* _TASK BRIEF_:
Repeat the data that follows, word for word, without the images.
═══ DATASET EXTRACT ═══
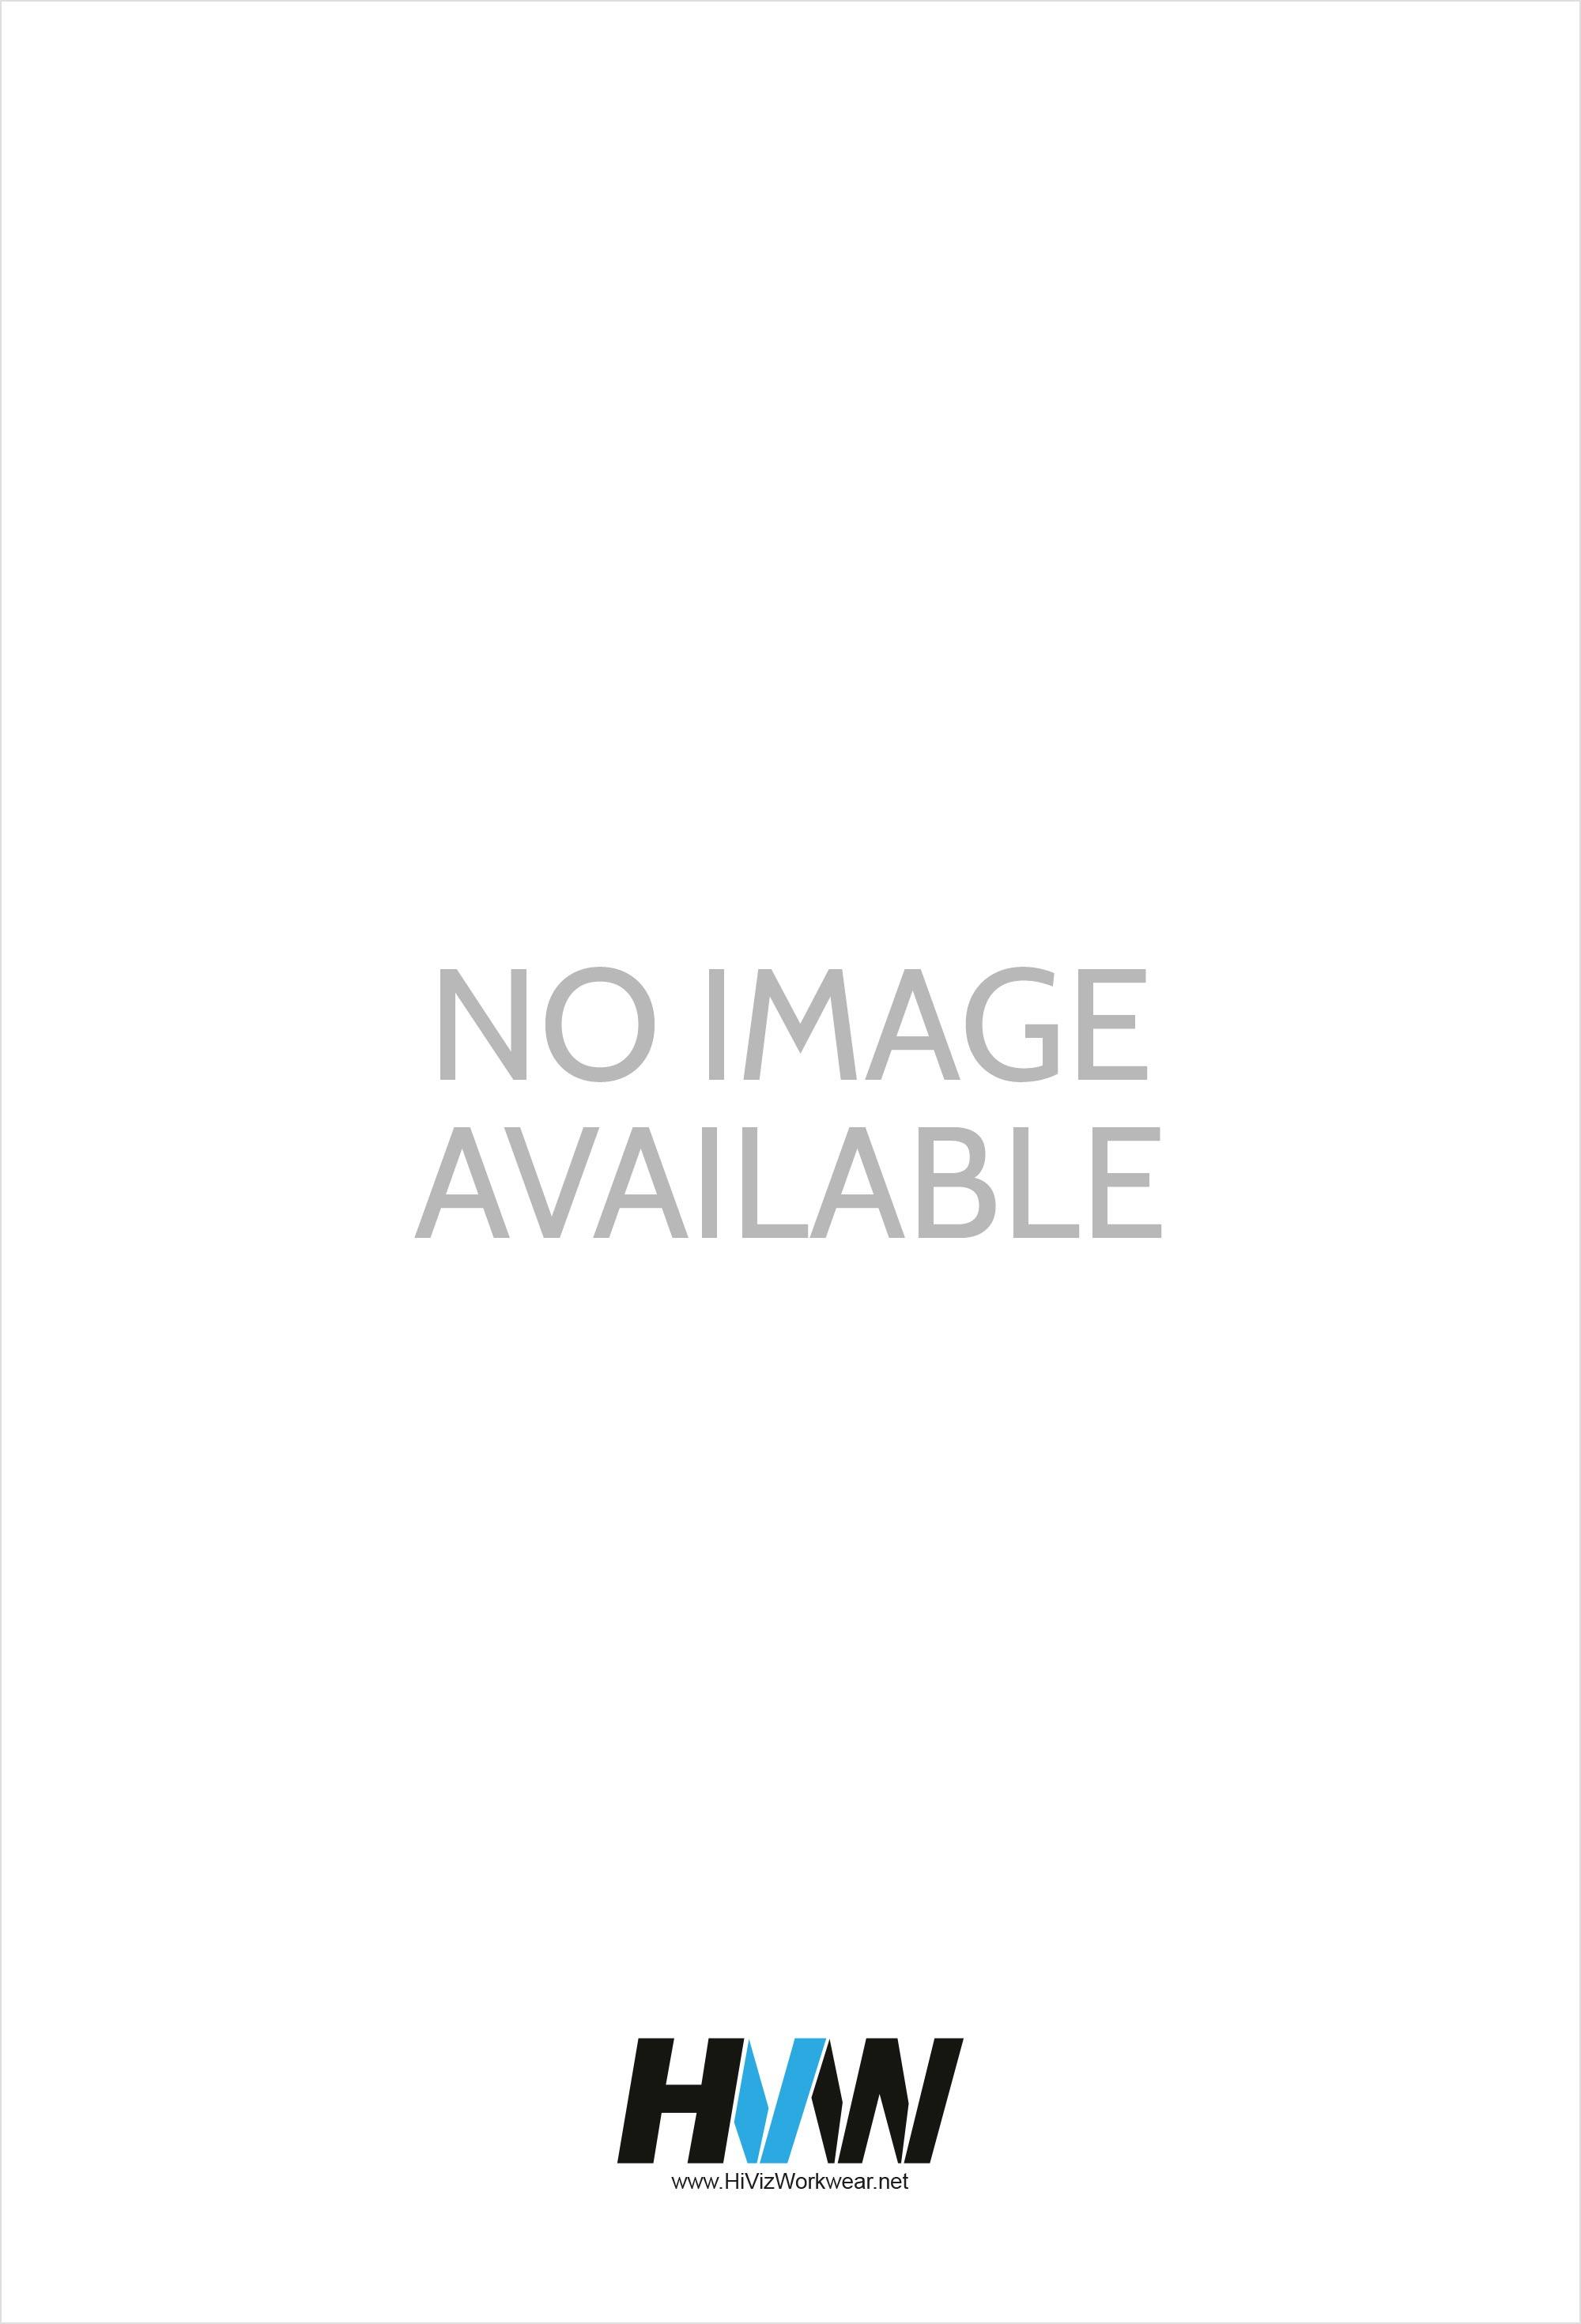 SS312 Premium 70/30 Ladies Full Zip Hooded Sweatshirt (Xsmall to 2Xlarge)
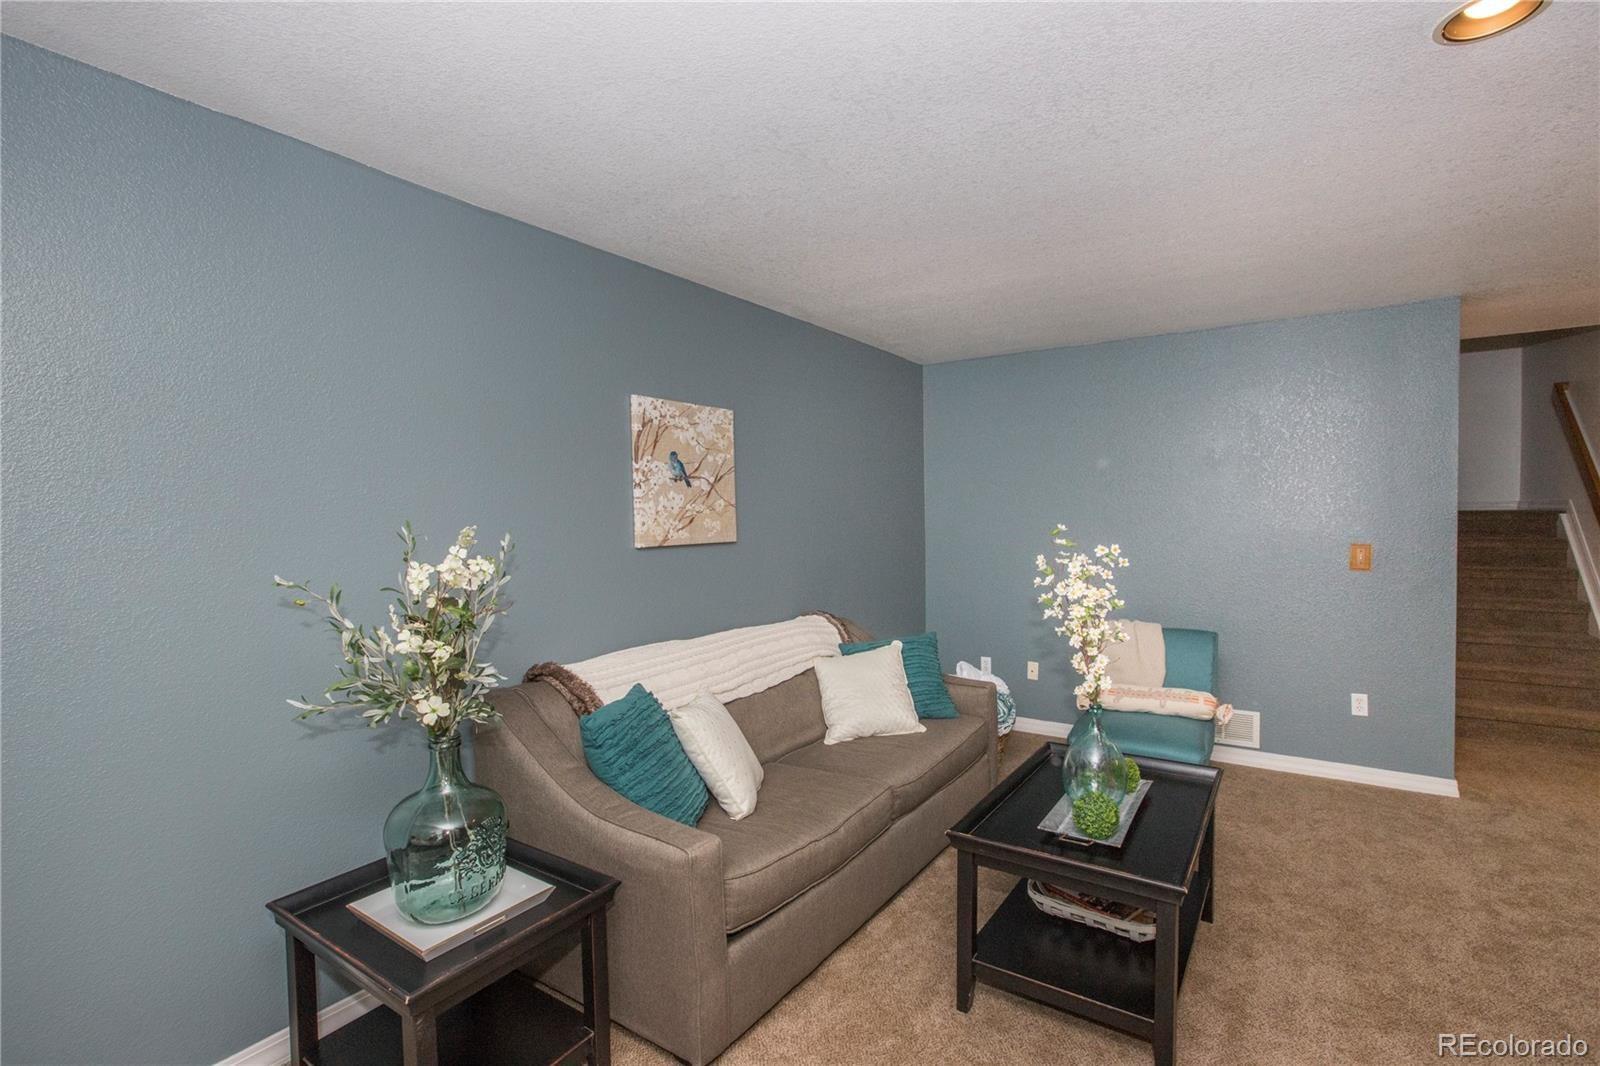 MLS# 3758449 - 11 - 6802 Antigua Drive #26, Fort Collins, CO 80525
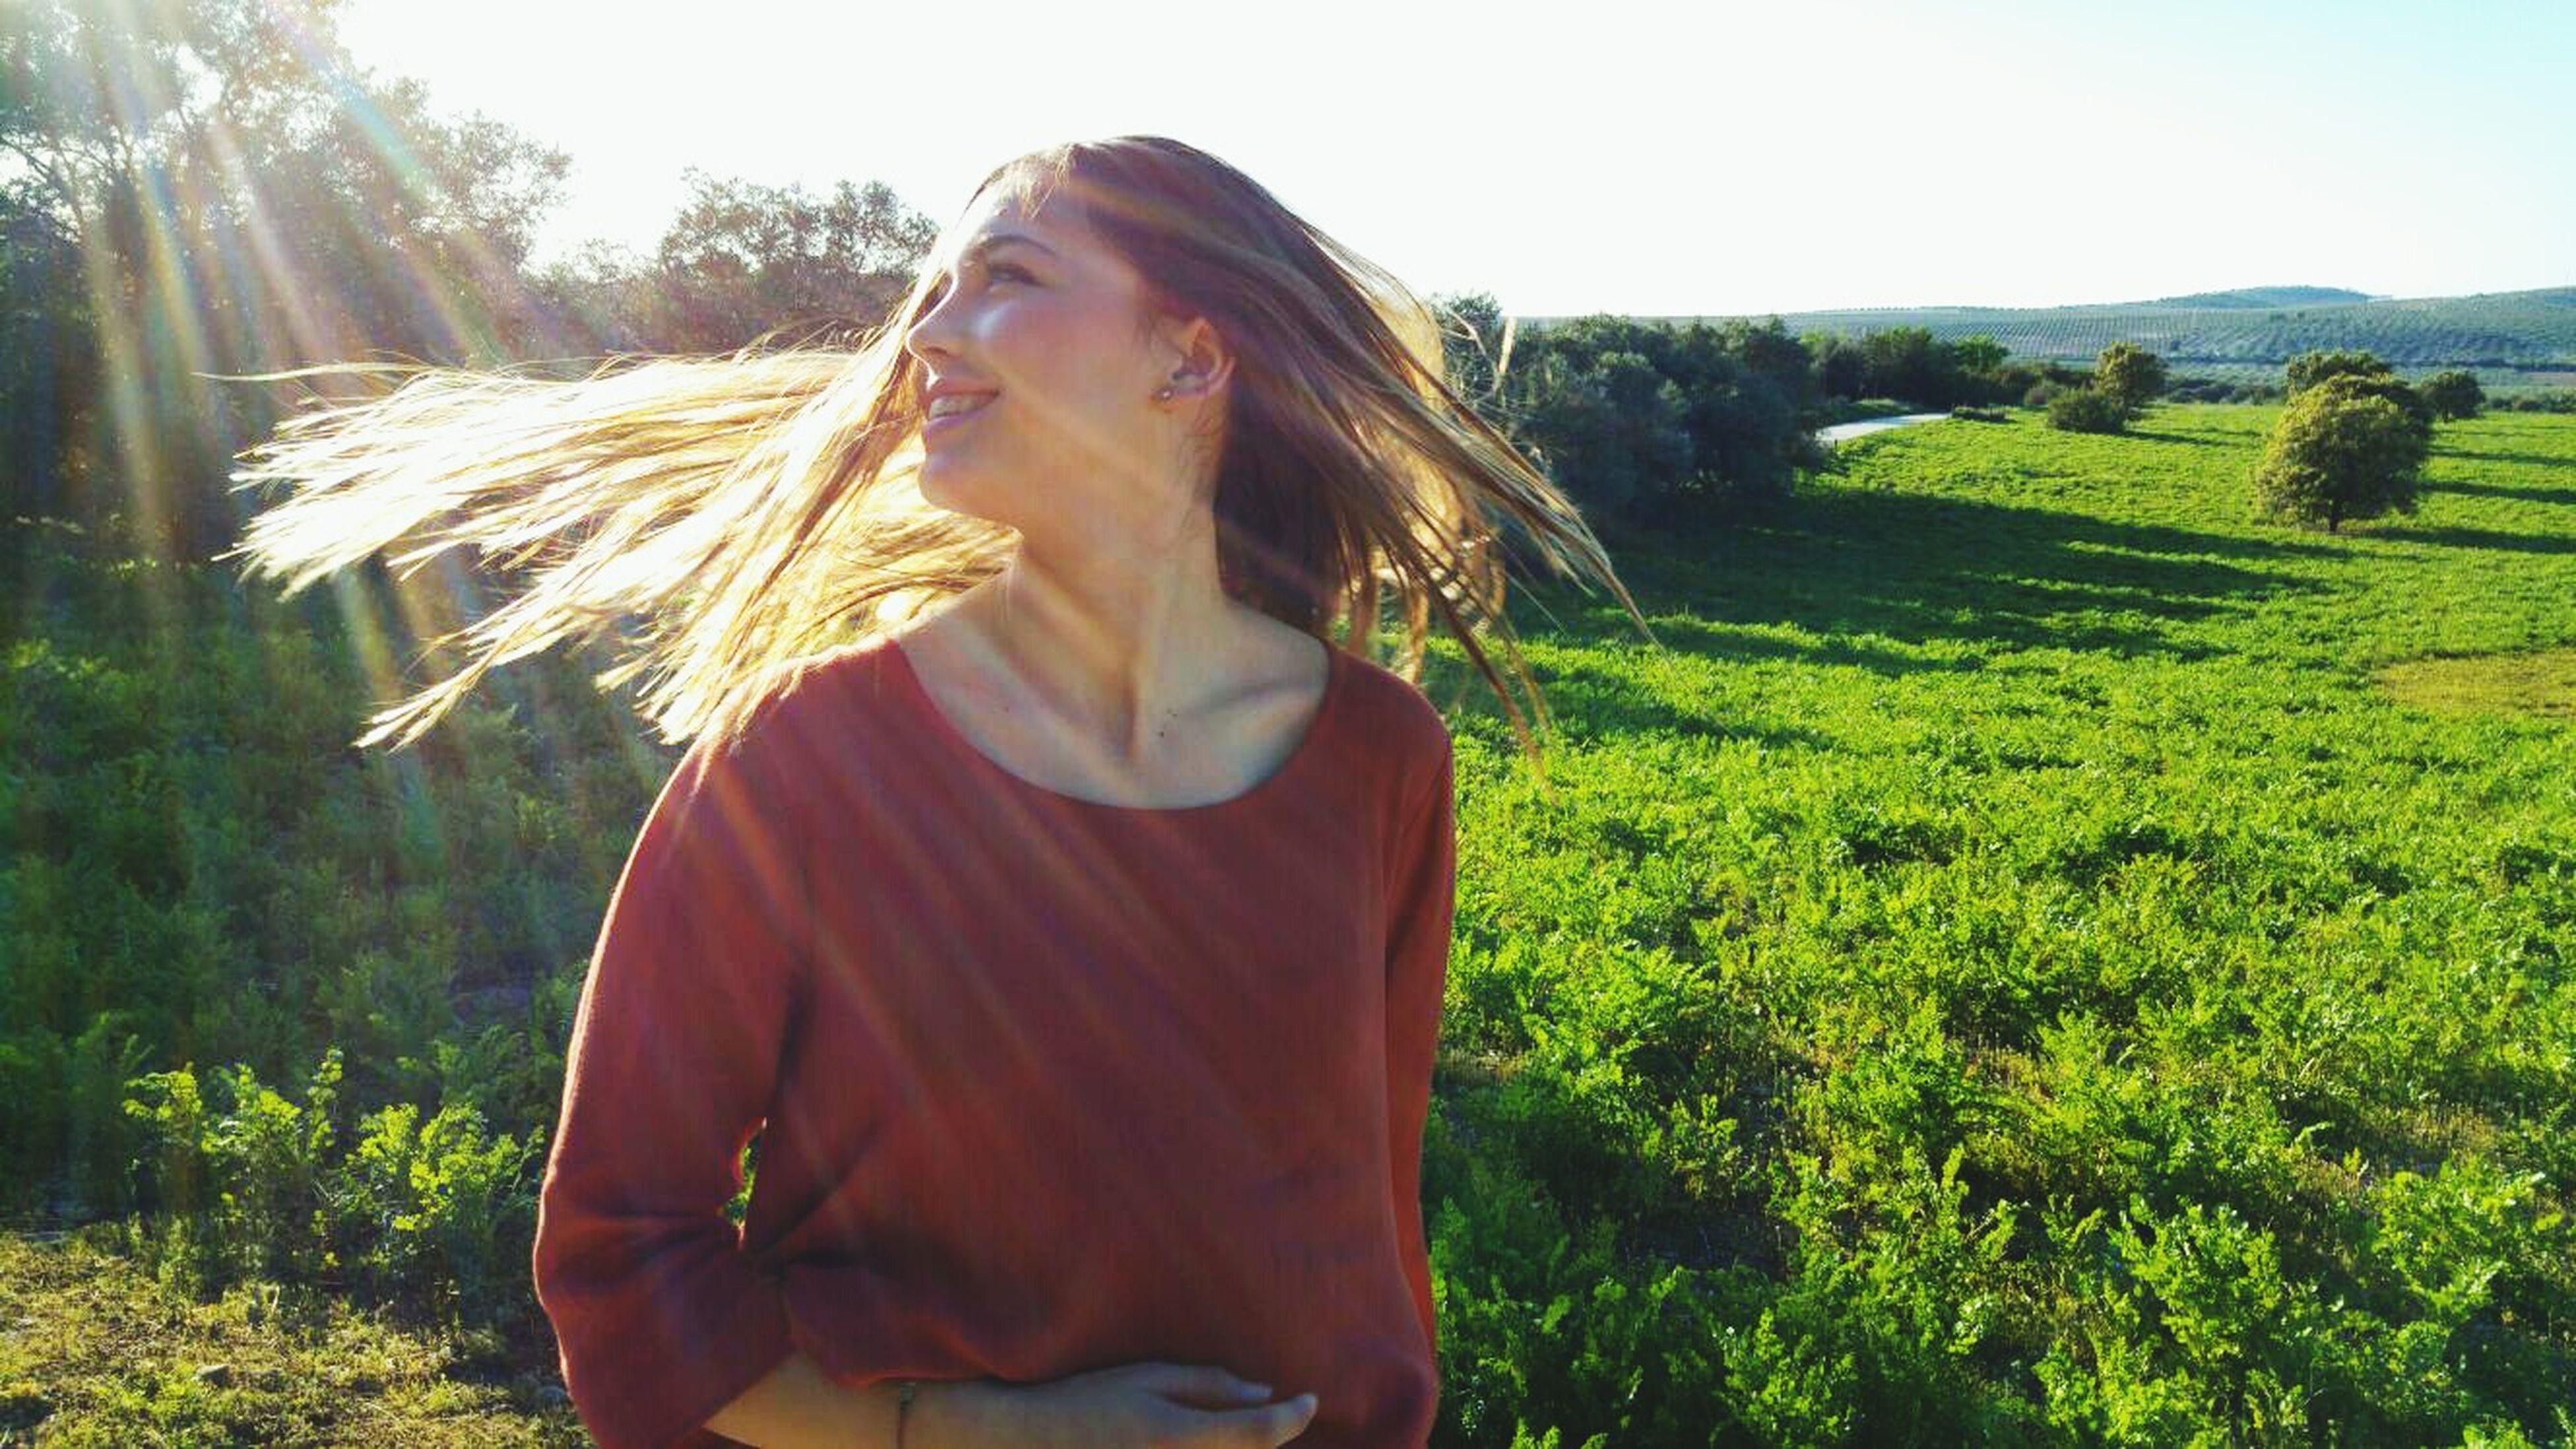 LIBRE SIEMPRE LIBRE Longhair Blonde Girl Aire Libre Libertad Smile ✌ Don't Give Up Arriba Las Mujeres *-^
═══
* _OUTPUT_:
 SS312 Premium 70/30 Ladies Full Zip Hooded Sweatshirt (Xsmall to 2Xlarge)
 MLS# 3758449 - 11 - 6802 Antigua Drive #26, Fort Collins, CO 80525
 LIBRE SIEMPRE LIBRE Longhair Blonde Girl Aire Libre Libertad Smile ✌ Don't Give Up Arriba Las Mujeres *-^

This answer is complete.